Природа жестоко посмеялась над творцом прекрасного, наградив его этакой внешностью. Он был горбат, и оттого даже и на сидящего настоятеля смотрел несколько снизу. Лицо его, более узкое, чем у большинства местных уроженцев, было желтым и морщинистым, но при этом отчего-то было видно, что он совсем не стар, не более трех кругов лет. От согбенности тела его длинные руки с плоскими пальцами свободно доставали до земли.

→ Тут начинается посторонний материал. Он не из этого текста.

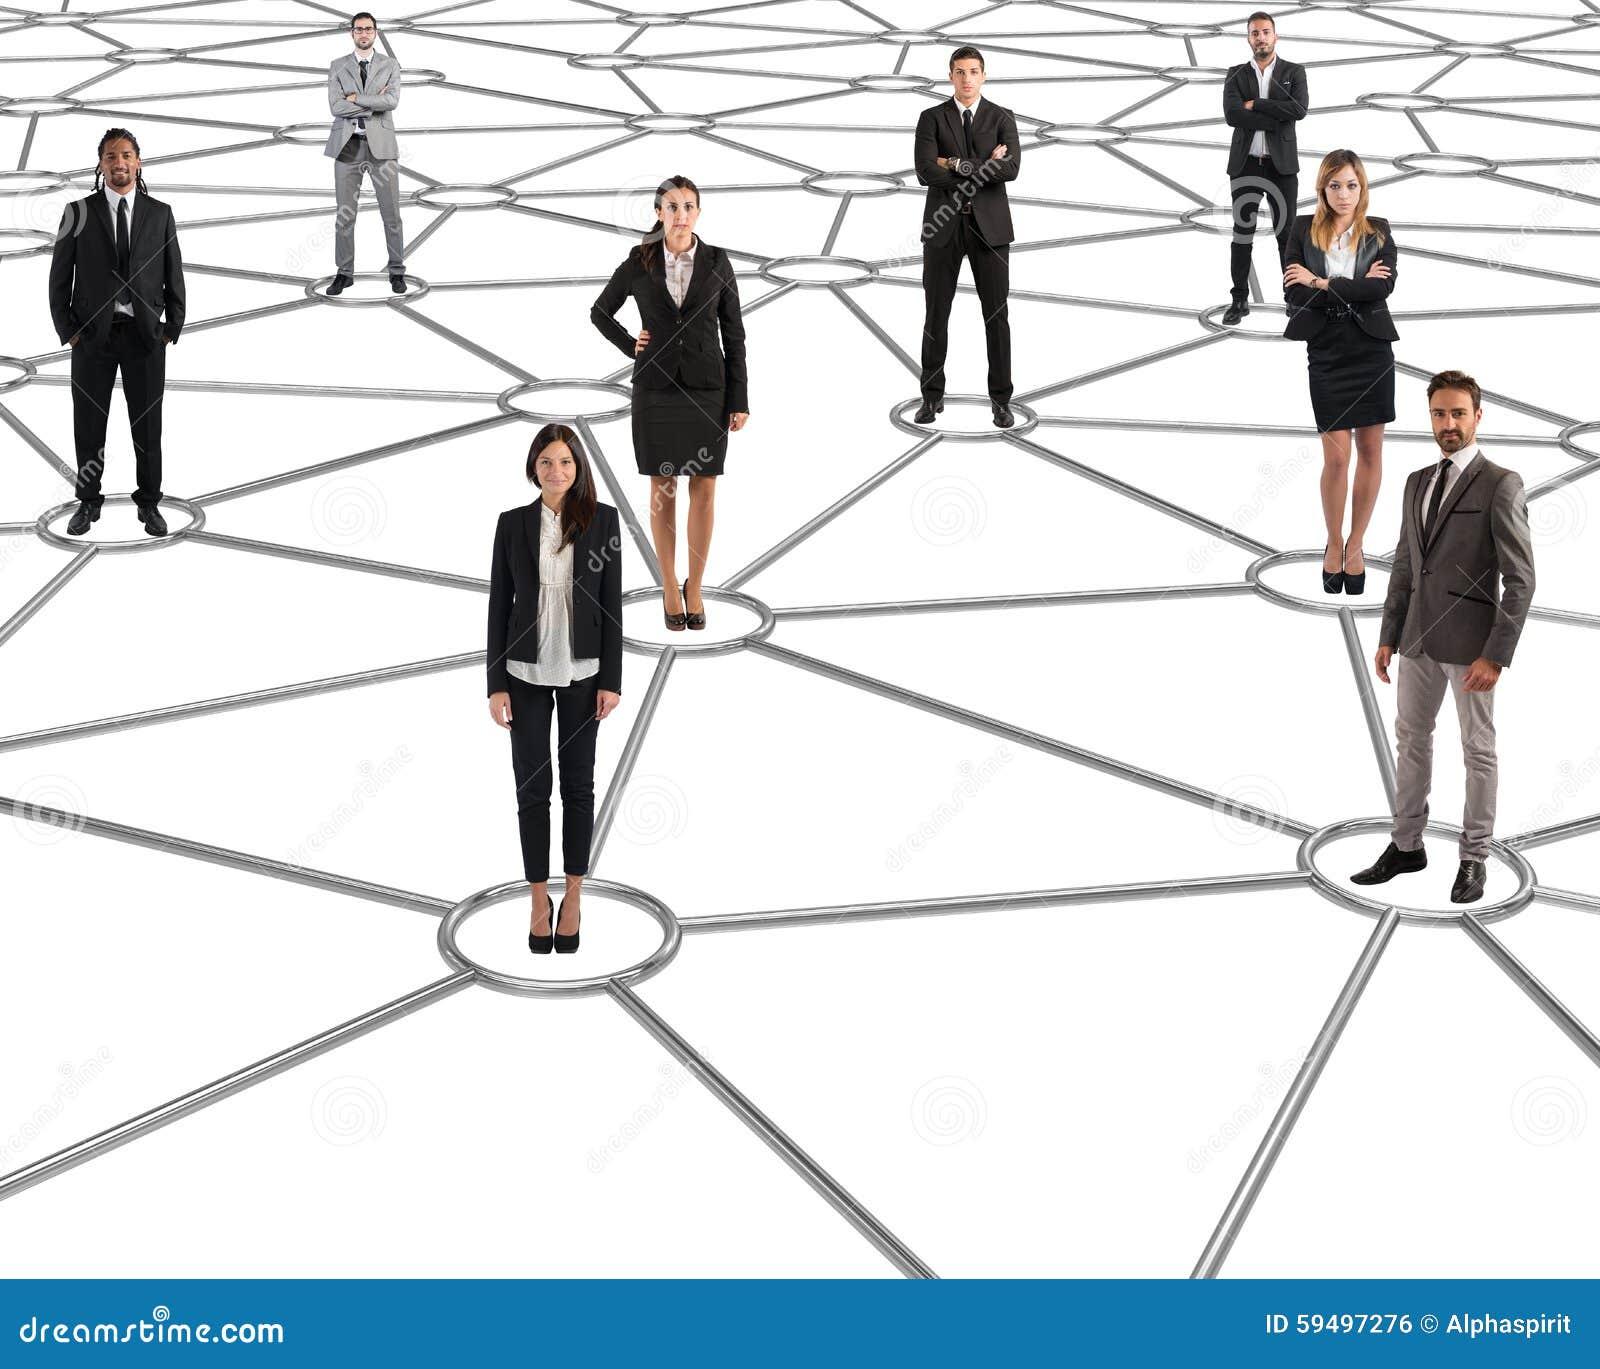 Futurs réseaux sociaux
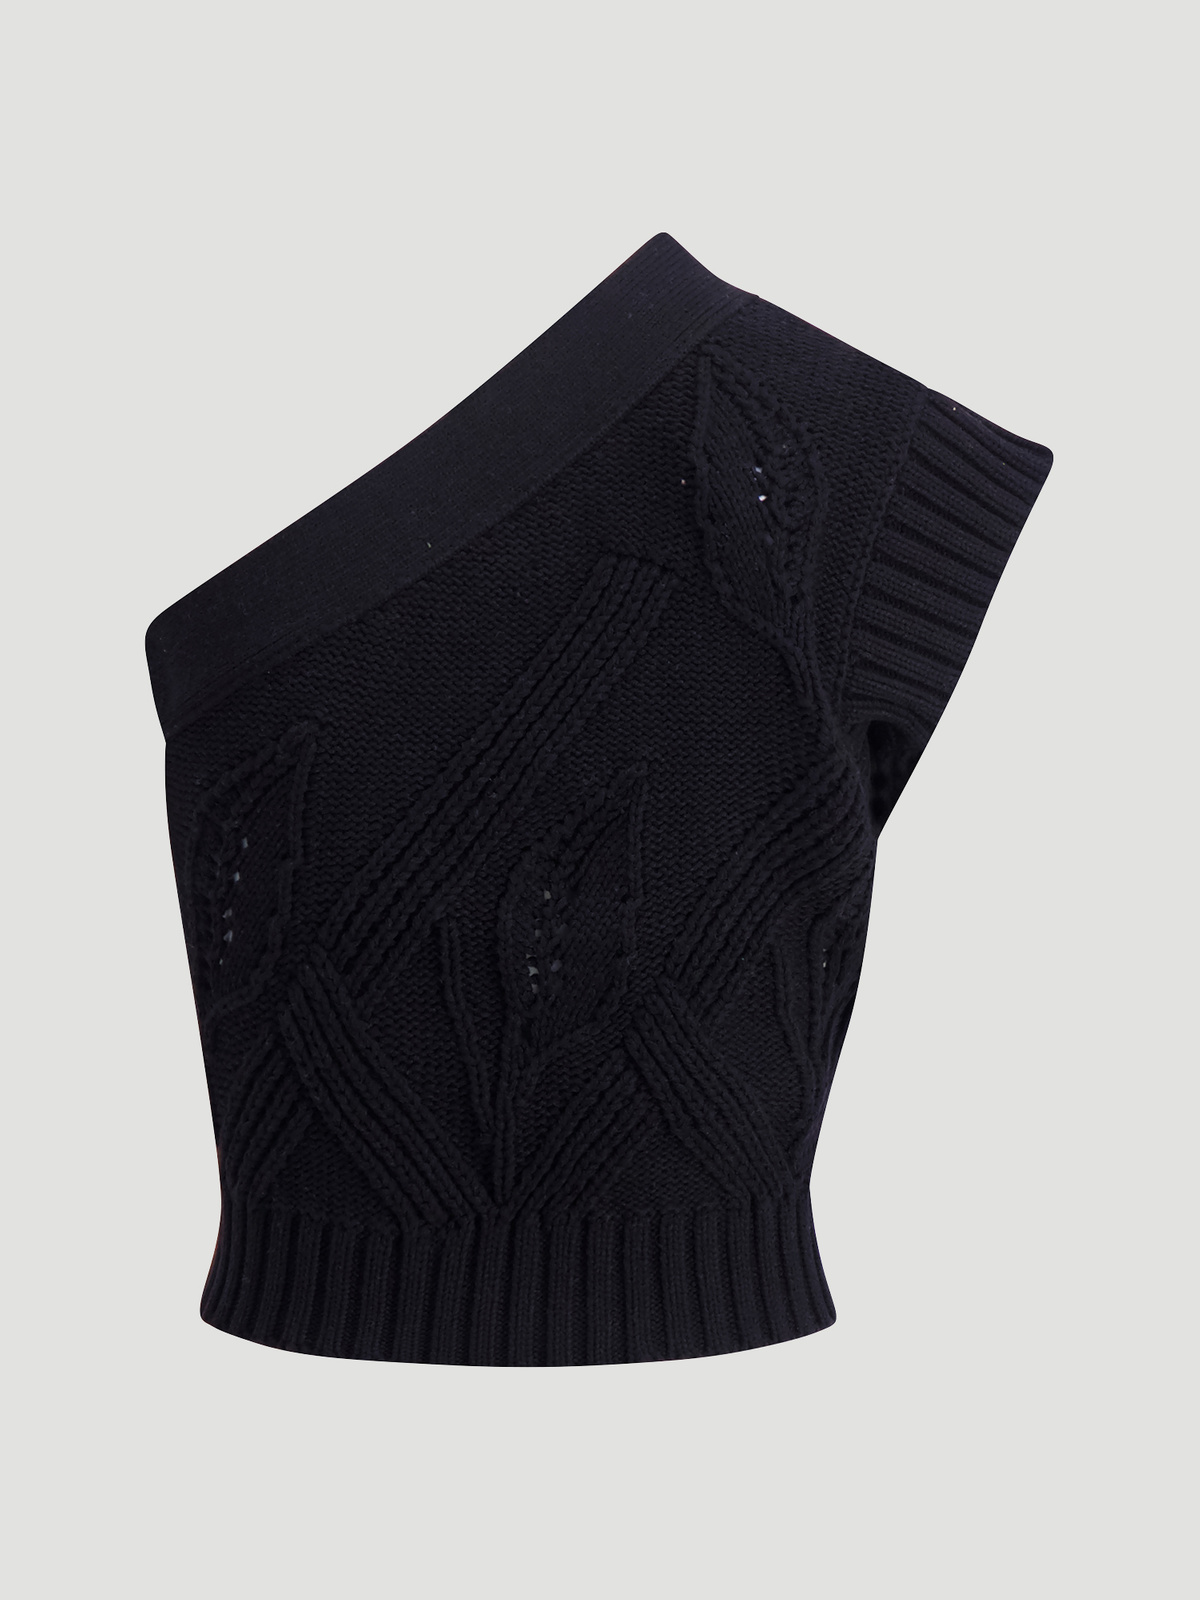 Beagle Knit Vest  Black 5

— Знаешь ли ты, зачем тебя позвали сюда?

— Знаю, — ответил художник, нелепо боднув головой, что обозначало у него поклон, — и ничего не понял. Я никогда не учил малых детей и вовсе не хочу себе такого несчастья. Дело мое — видеть, и делать видимым для других.

Настоятель свел кустистые брови, чего местный люд в гневе обыкновенно не делал.

— Низко для тебя? Учить будущего Владыку — низко? Знай же, что мы все почитаем за честь сделать для него хоть что-нибудь.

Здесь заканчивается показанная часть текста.